Some of the most significant challenges digital and data efforts face within R&D are (remain) organizational. Traditional drug developers – those in the trenches, doing the work – are still trying to figure out what to make of data science and data scientists in what is still a largely traditional drug development world. This challenge is compounded by a massive gap between the hype of technology and contemporary reality.
On the other hand, when there is compelling, readily implementable technology, it’s enthusiastically adopted. Every structural biology group, for instance, routinely uses AlphaFold, the program that predicts protein folding (structure) based on underlying amino acid sequence data.

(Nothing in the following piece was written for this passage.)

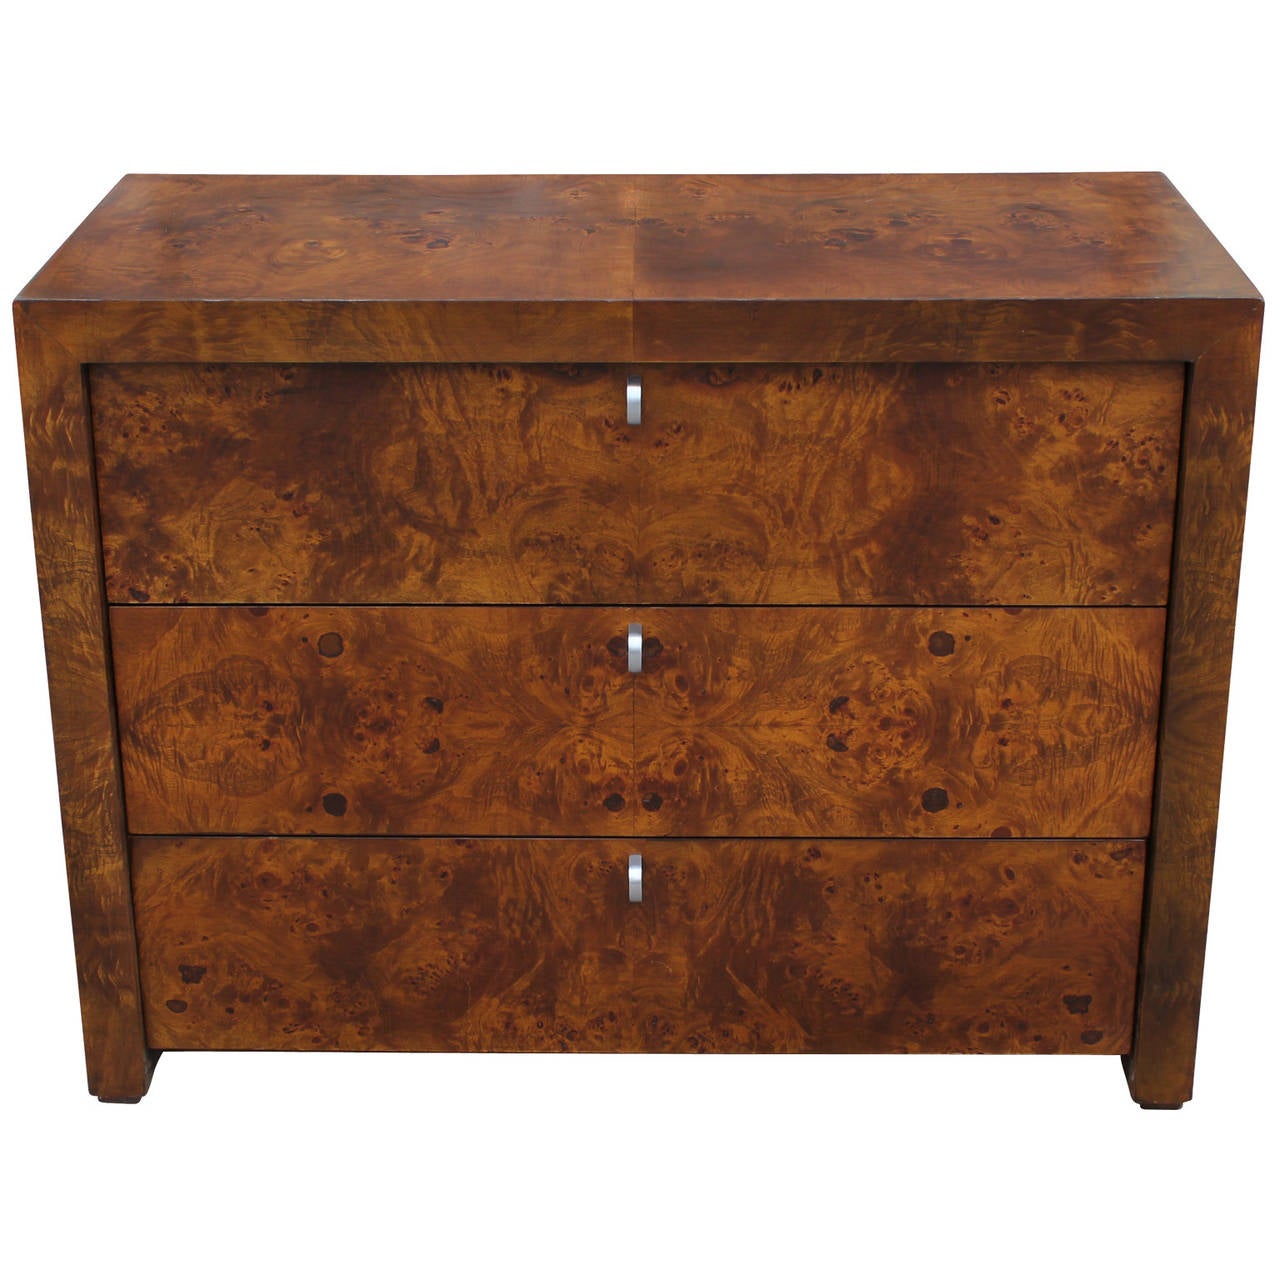 Beautiful three drawer chest with burl veneer. Chest has stunning grain and in nice restored condition. Small Version also available.

An area of real opportunity (and acknowledging my own bias) is translational medicine, where practitioners struggle to parse actionable insights from a motley collection of multi-modal data. (The need is particularly great given that the industry’s most costly problem — see here — is the absence of good translational models.) The concept of integrating diverse data to generate biological and clinical insights is universally celebrated, of course, but the data wrangling challenges are exceptional. Perhaps because of this, translational medicine, arguably, still hasn’t quite lived up to its potential. As a discipline, it offers particular promise to thoughtful data scientists, with profound opportunity for outsized impact.
R&D organizations recognize that emerging digital and data technologies represent important, perhaps essential, enabling tools to advance their mission. As Sanofi’s Frank Nestle explains, digital and data technologies are increasingly deployed across a range of R&D activities. So far, our reach far exceeds our grasp, but there’s been real progress, along with a high probability of more success. Our greatest challenges are navigating not the sexy analytics and data visualizations that everyone covets, but rather, the far less glamorous work of establishing the underlying data flows upon which everything depends. This is a lesson familiar to accomplished data scientists like Recursion’s Imran Haque and Verily’s Amy Abernethy, among others – see here.
The data challenges are amplified in large biopharmas because these companies:
- operate internationally, necessitating adherence to a wide array of data restrictions;
- are the result of decades of mergers and acquisitions, further complicating data management;
- inevitably involve complex organizational politics that must be navigated, as Stanford’s Jeffrey Pfeffer has compellingly described.
Data science continues to hold extraordinary promise for biopharma; translational medicine represents a particularly compelling opportunity. Our collective challenge is figuring out how to work through the considerable data wrangling challenges and deliver palpable progress.